**Exercise inputs**
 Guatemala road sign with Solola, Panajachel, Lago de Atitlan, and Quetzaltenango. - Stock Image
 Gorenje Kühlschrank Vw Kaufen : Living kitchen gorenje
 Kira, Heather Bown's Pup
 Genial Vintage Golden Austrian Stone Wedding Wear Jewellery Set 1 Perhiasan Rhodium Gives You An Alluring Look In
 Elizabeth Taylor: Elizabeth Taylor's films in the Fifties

**To do**
In the records above, find the line containing "Genial Vintage Golden"; please retype it and every line after it through the last line, exactly and with nothing else.

**Your response**
 Genial Vintage Golden Austrian Stone Wedding Wear Jewellery Set 1 Perhiasan Rhodium Gives You An Alluring Look In
 Elizabeth Taylor: Elizabeth Taylor's films in the Fifties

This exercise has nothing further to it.